While Musgraves' first major label hit record, 2013's Same Trailer, Different Park, is undeniably country, and her second, 2015's Pageant Material, follows in the same vein, each new album has shown off the ways in which different genres — specifically pop — have influenced her sound. Her acclaimed Golden Hour record from 2018 explored more pop themes, and Musgraves unapologetically pushes boundaries with her music. This next chapter, Star-Crossed, promises to be no different.
The fourth mainstream studio album from the "Justified" singer does include one very true-to-country element: a heartbreak theme. The lyrics are a conceptual retelling of her divorce, specifically, and she uses that base of country music storytelling and builds upon it with influences ranging from Aretha Franklin to Spanish folk music.
Musgraves was inspired by the art form of tragedy, and decided to craft her new album as one in the wake of her divorce from fellow artist Ruston Kelly.

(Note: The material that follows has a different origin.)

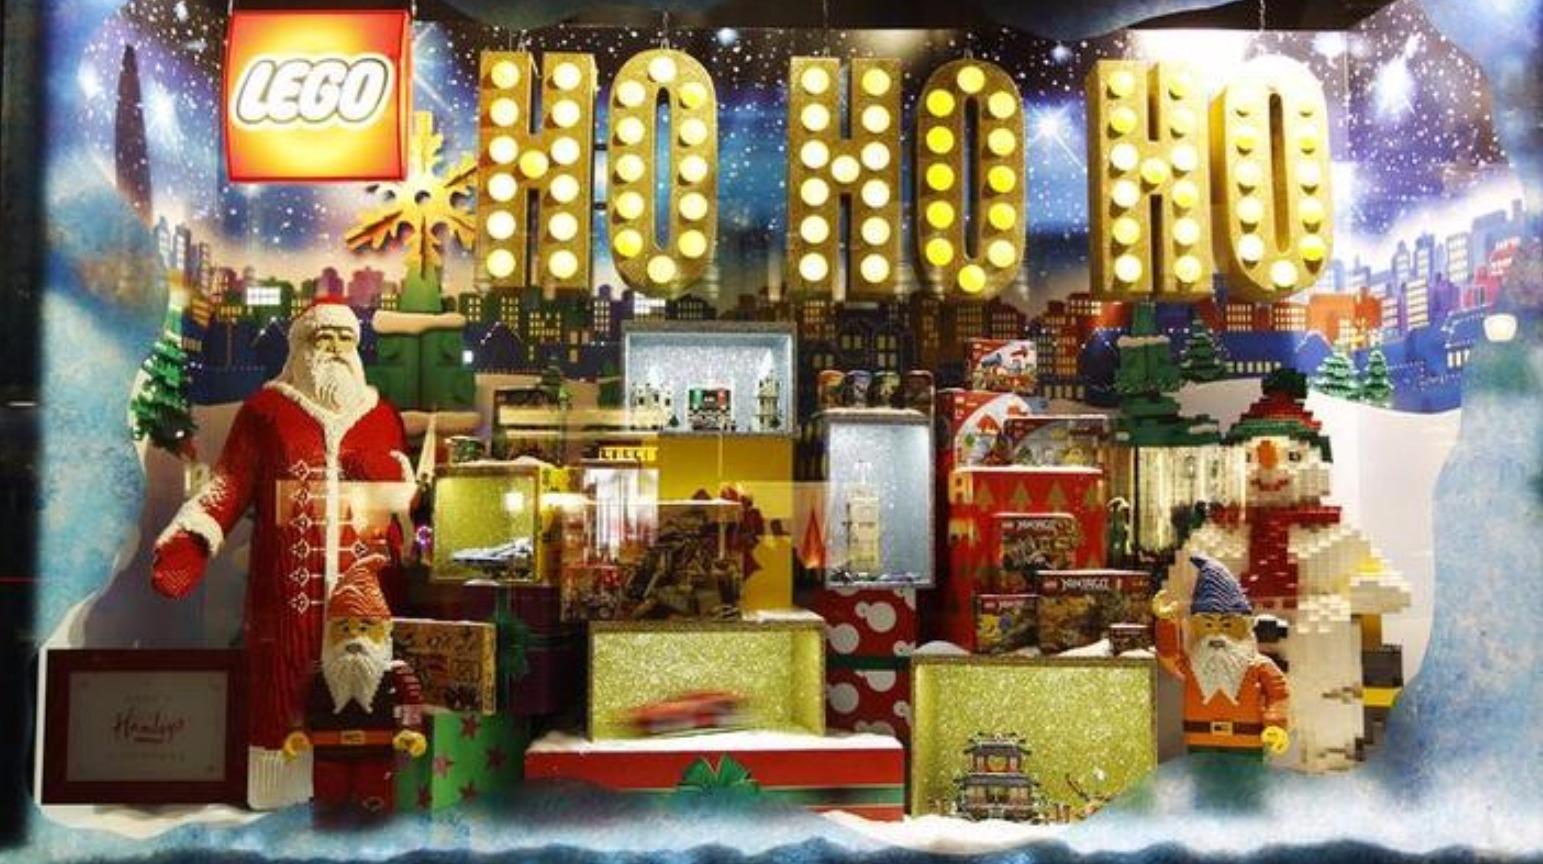 Christmas Toy Store : Lego set to run short of bricks this christmas itv news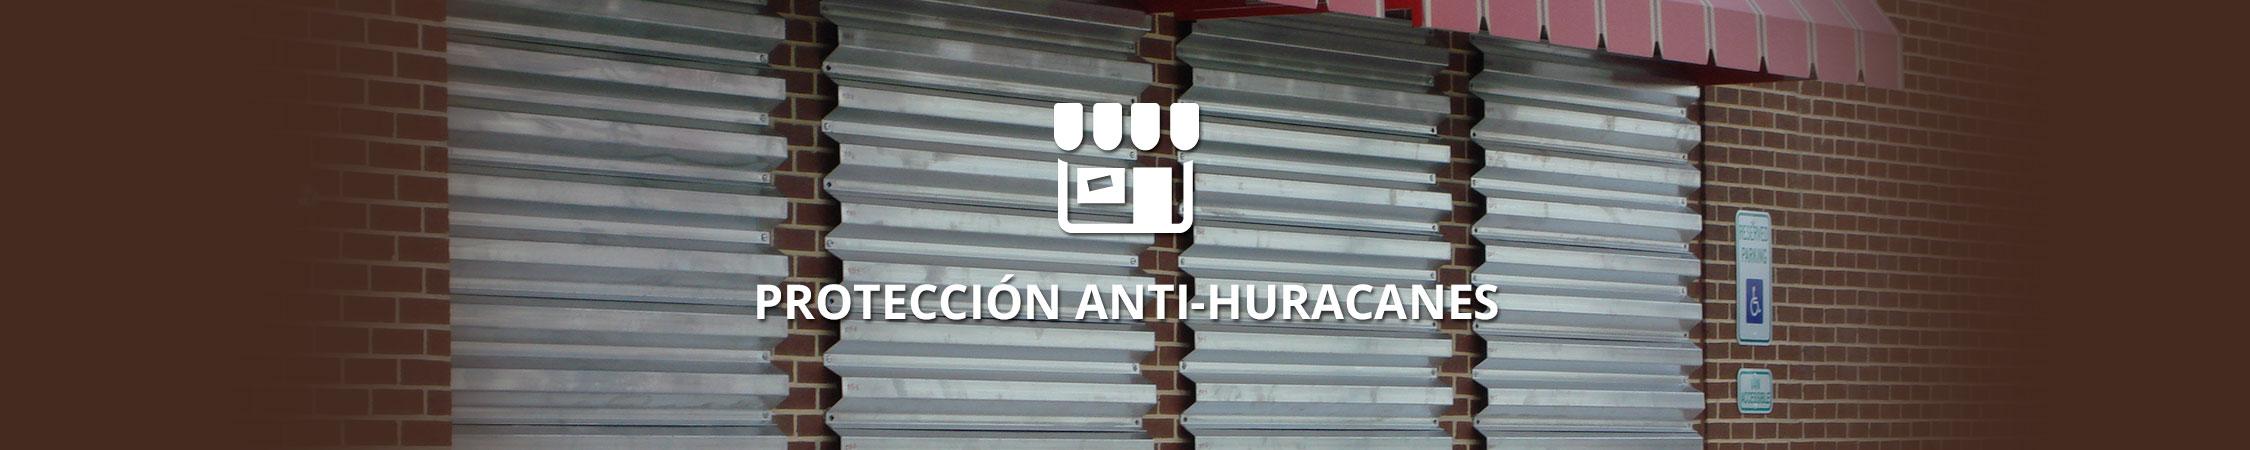 Proteccion Anti-huracanes - Rolltex Shutters

Though Musgraves has never shied away from experimenting with different influences, on this new record, her label has begun to acknowledge the ways in which she crosses into different genres. Star-Crossed will be released through a collaborative effort between MCA Nashville and Interscope Records.
While fans and critics may toil over where to place Musgraves sonically, the award-winning singer-songwriter doesn't seem to fret over it. "If you asked me what it is, I don’t think I’d even be able to give you a straight answer,” Musgraves tells the New York Times of her new music.
What does seem to be important to Musgraves is that her music —wherever it lands genre-wise —is true to who she is. "I just feel like the music will get bad if you aren’t being your authentic self," says Musgraves.